Thu, 29/10/2009 - 12:20
Deutsche Bank has signed an agreement to acquire 100 per cent of Sal. Oppenheim at a price of EUR1.0bn.
The present shareholders in Sal. Oppenheim have the option of a long-term shareholding of up to 20 per cent of the German subsidiary Sal. Oppenheim jr. & Cie based in Cologne.
Sal. Oppenheim's asset and wealth management activities will be maintained and expanded in the future under the private bank's brand and preserve Sal. Oppenheim’s identity and values.
With this transaction, Deutsche Bank strengthens its position among high-net-worth private clients, especially in Germany.
With the purchase of the Luxembourg-based holding company, all activities of the German subsidiary Sal. Oppenheim jr. & Cie, BHF-Bank and the private equity fund of funds business managed in the separate holding Sal. Oppenheim Private Equity Partners will transfer to Deutsche Bank.
In addition, Deutsche Bank will acquire BHF Asset Servicing which is held by the Sal. Oppenheim jr. & Cie shareholders. Deutsche Bank intends to resell BHF Asset Servicing.
In the future, Sal. Oppenheim will focus on its core asset and wealth management business. Furthermore, Deutsche Bank will participate in ongoing talks on a sale of Sal. Oppenheim's investment banking activities.
The purchase price for the different entities acquired is expected to total EUR1.3bn.
The acquisition of Sal.
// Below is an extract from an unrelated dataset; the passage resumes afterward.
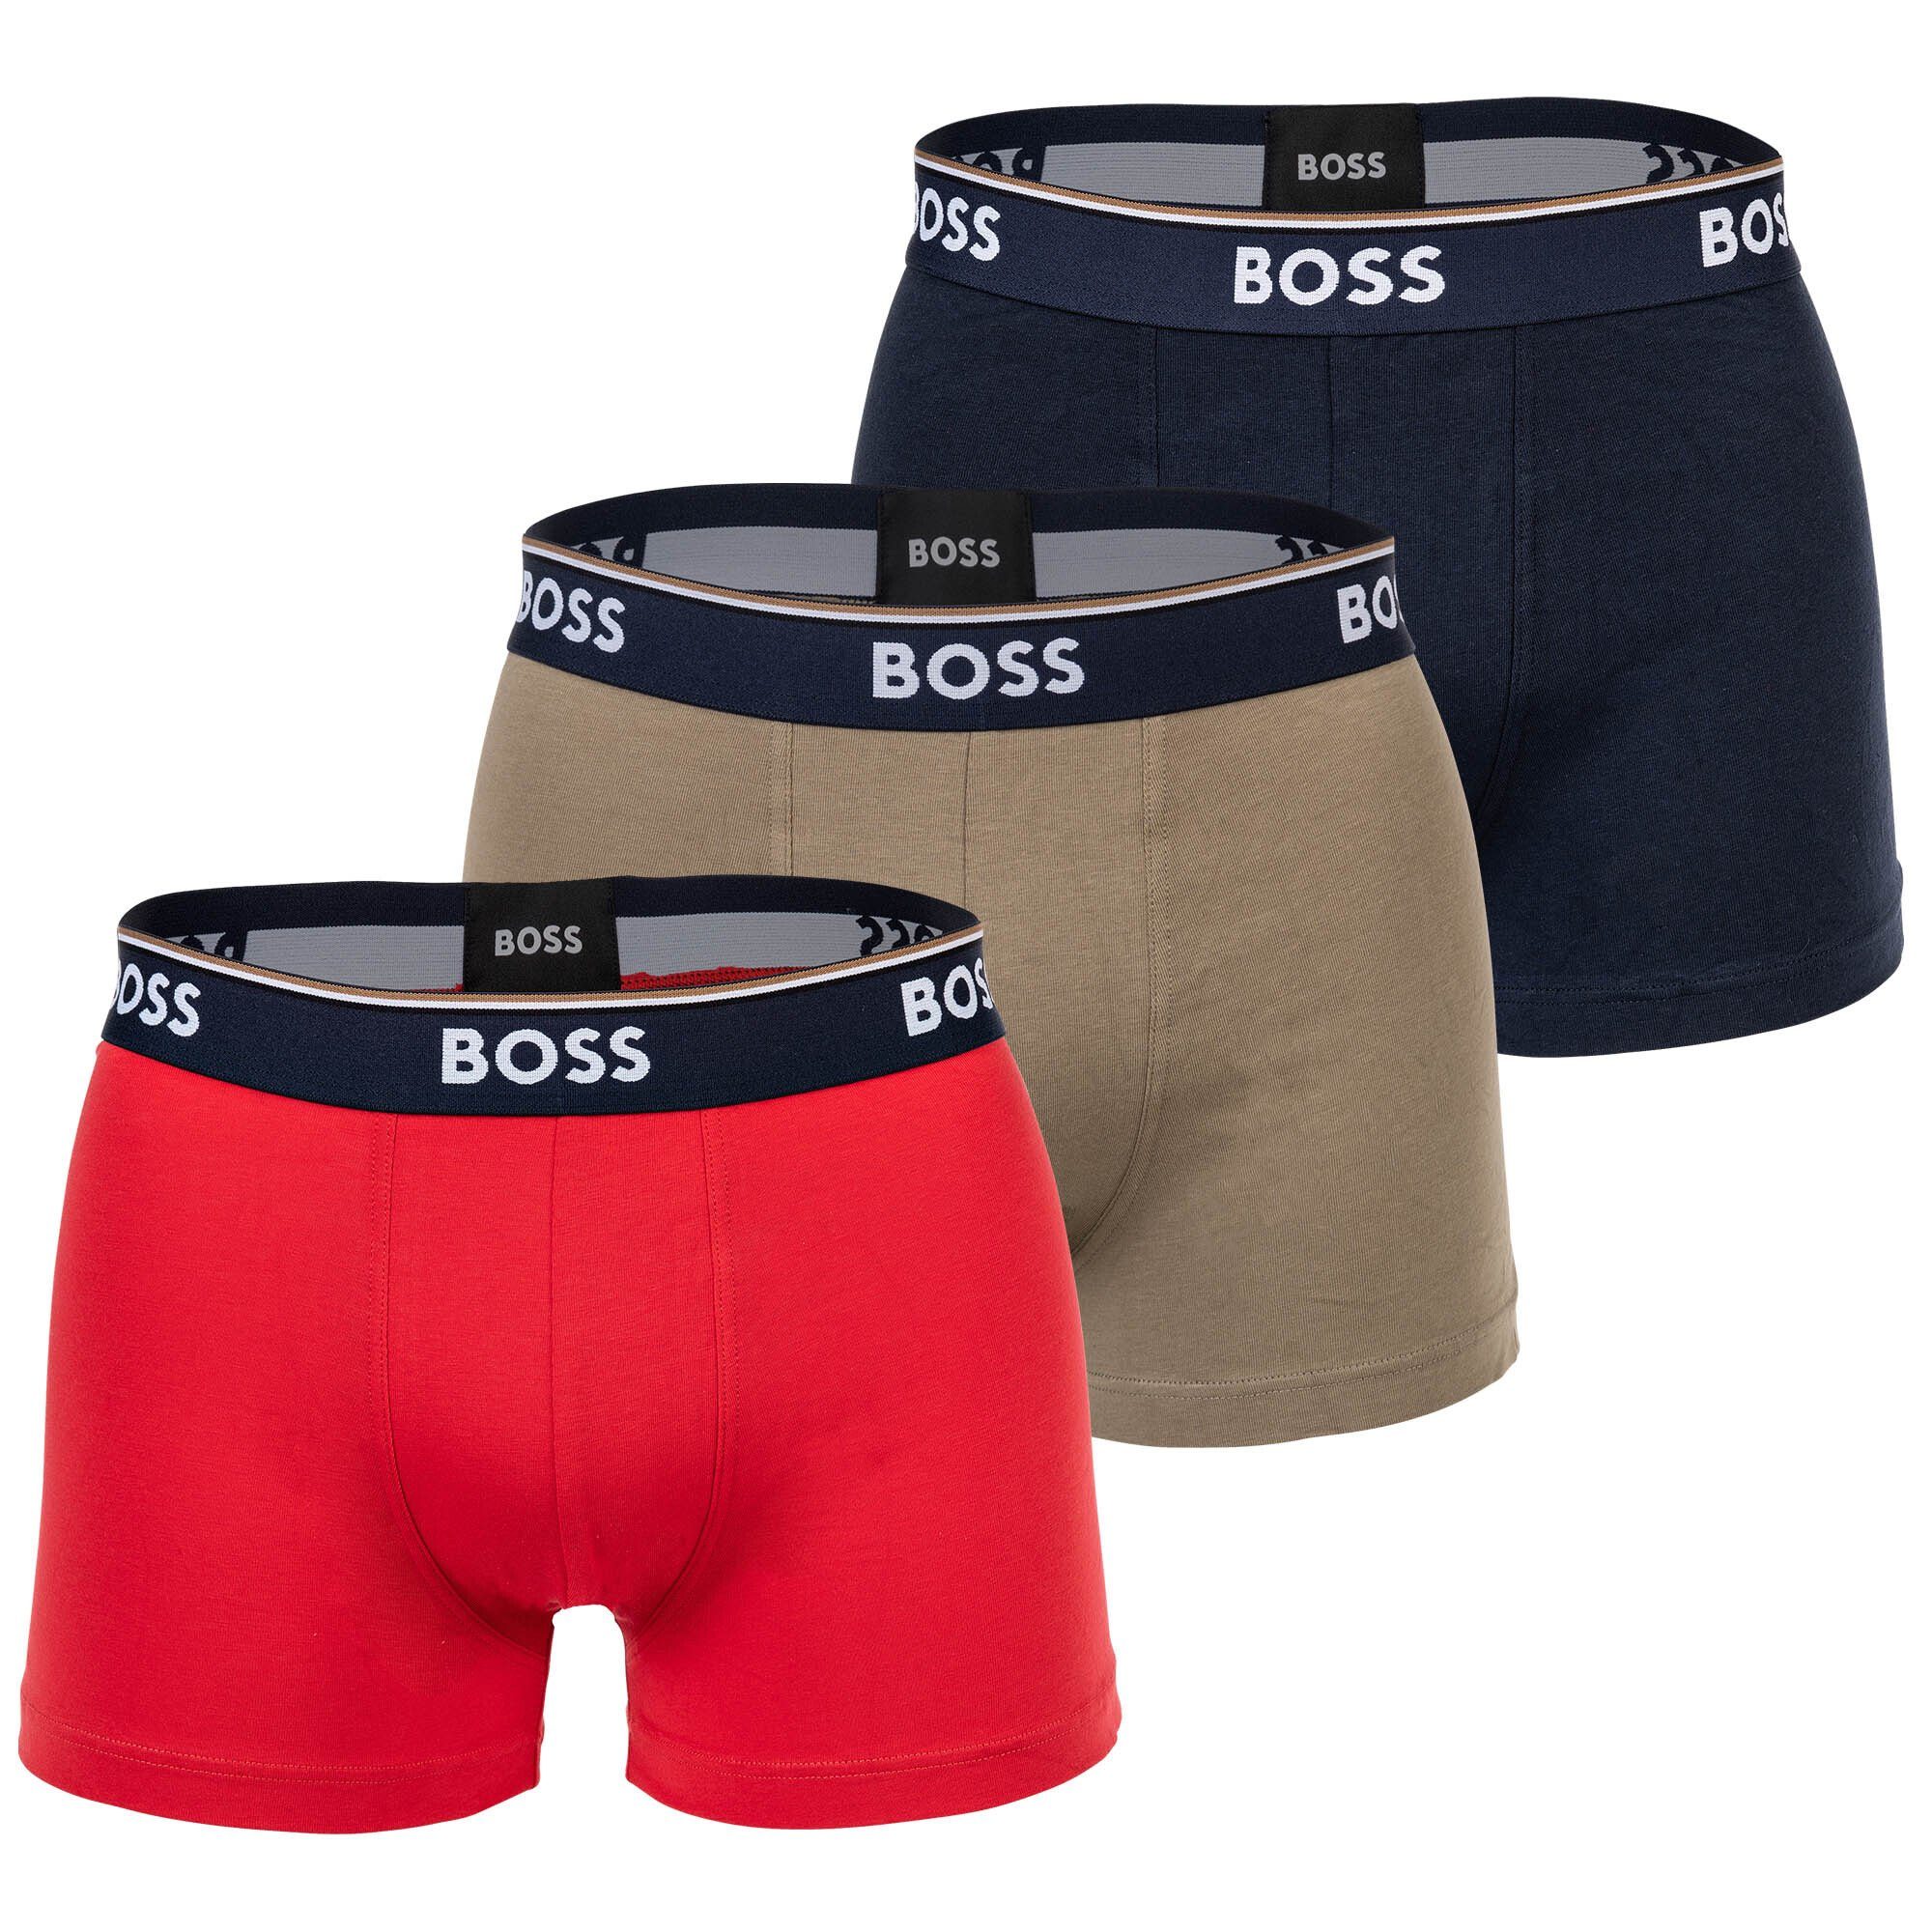 BOSS Boxer Herren Power, Rot/Dunkelblau/Olive 3er Pack - Trunks, Unterwäsche

Oppenheim will be implemented via various execution agreements and is expected to close in the first quarter 2010 subject to approval by the respective regulatory and anti-trust authorities.
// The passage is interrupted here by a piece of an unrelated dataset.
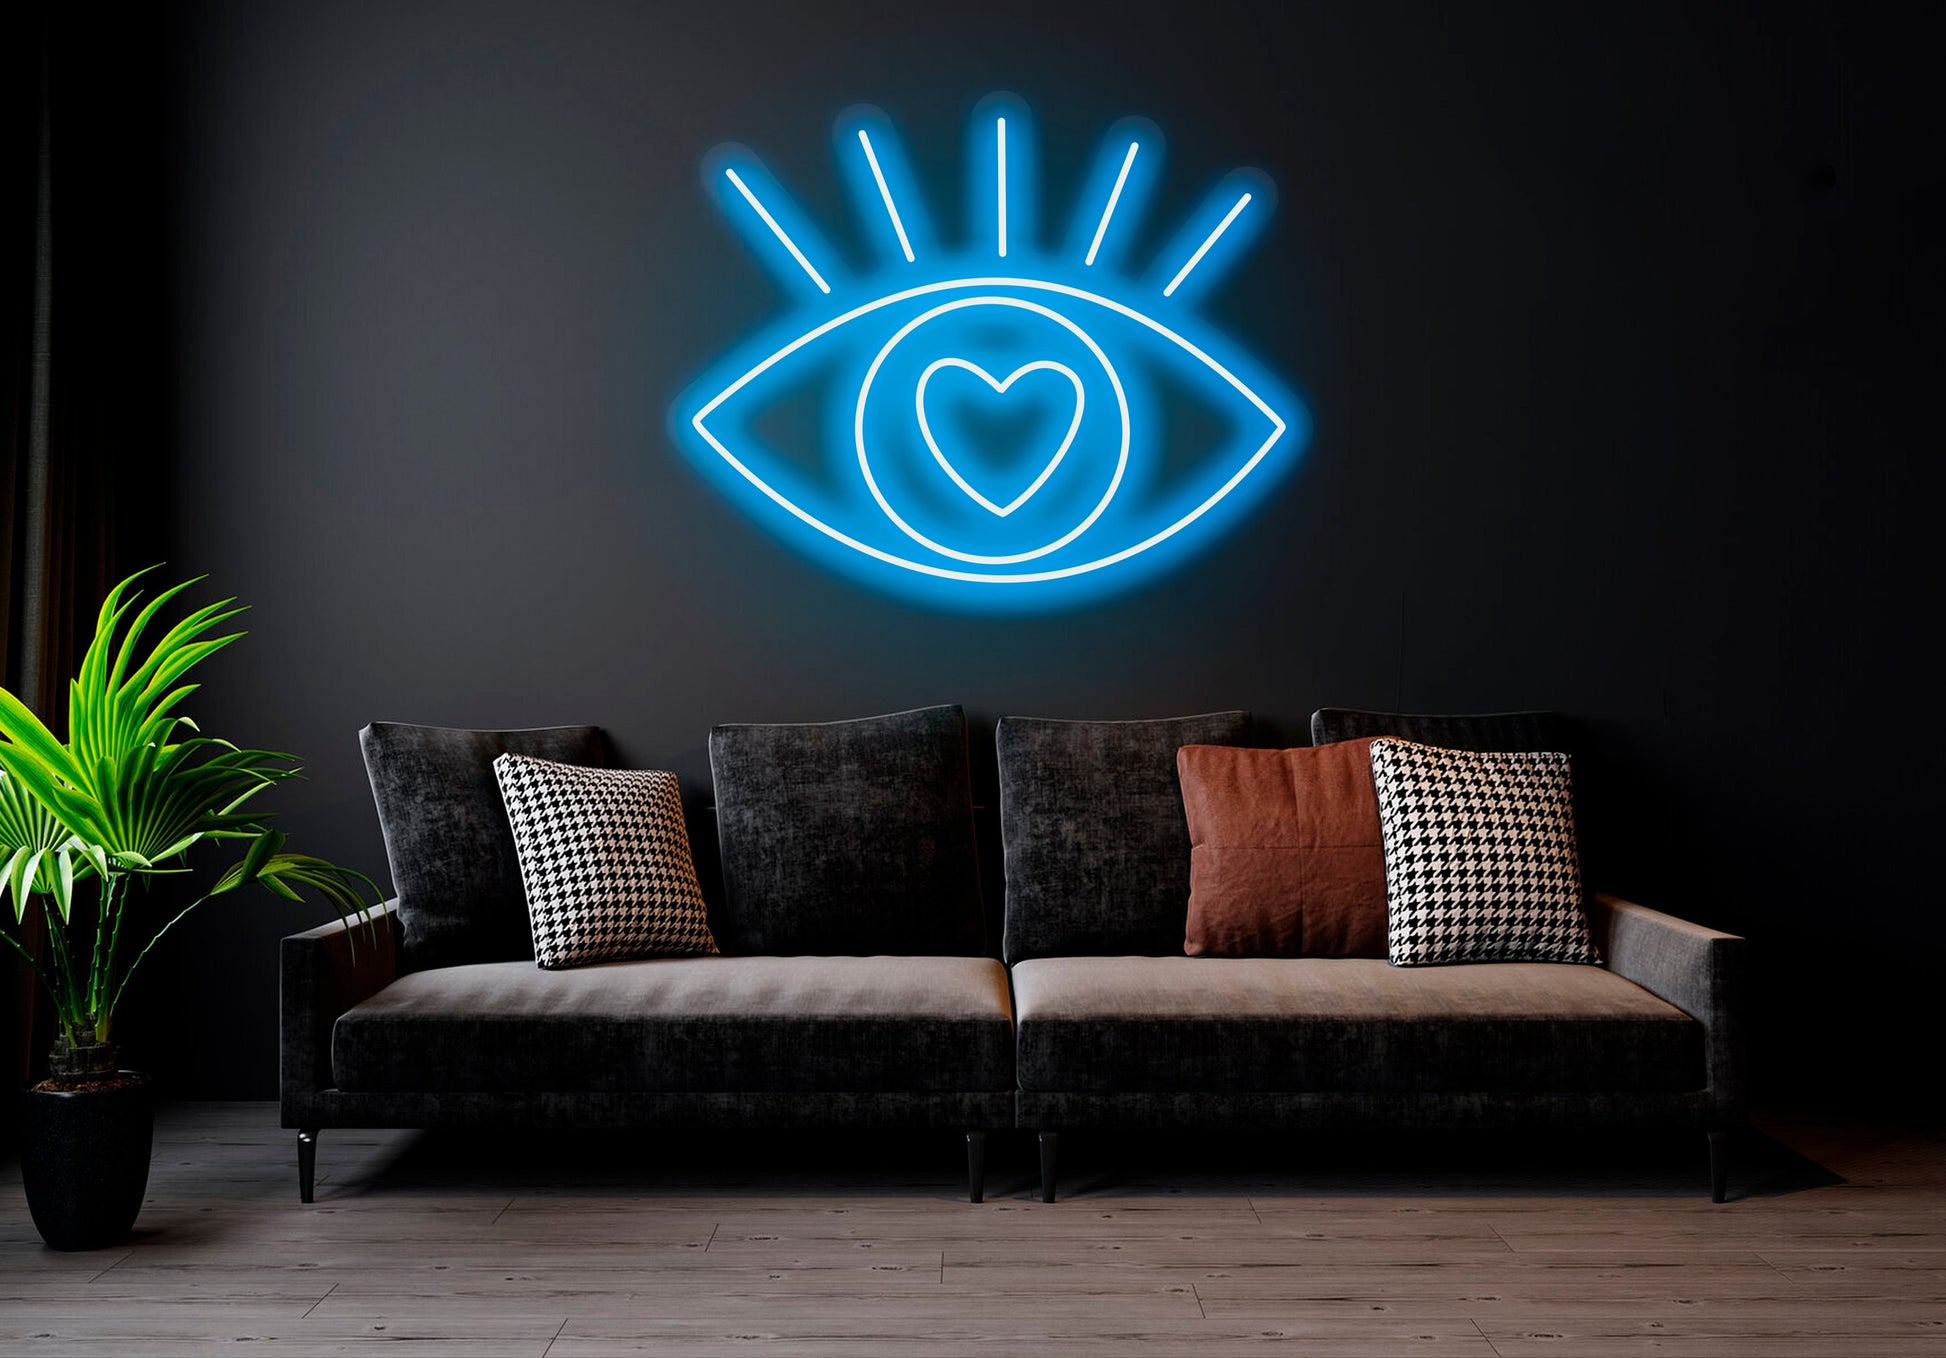 Eye- LED Neon Sign , Home Interior Decor, Neon Lights, Bedroom neon sign, Neon sign wall decor

"Through the acquisition of this respected private banking house we will strengthen our asset and wealth management in Europe and especially in Germany," says Dr. Josef Ackermann (pictured), chairman of the management board of Deutsche Bank. "We are continuing to strengthen our stable businesses. This is an excellent base for further global growth in this area."
Matthias Graf von Krockow, spokesman for the personally liable partners of Sal. Oppenheim, says: "We are pleased to be able to serve our customers in the future from within a strong group and to combine the strengths of the two banks. In the future we will continue to rely on our long-standing tradition and our client focus to further strengthen our customers' trust in our bank."
Decisions concerning new management structures and governance will be made and communicated in due course.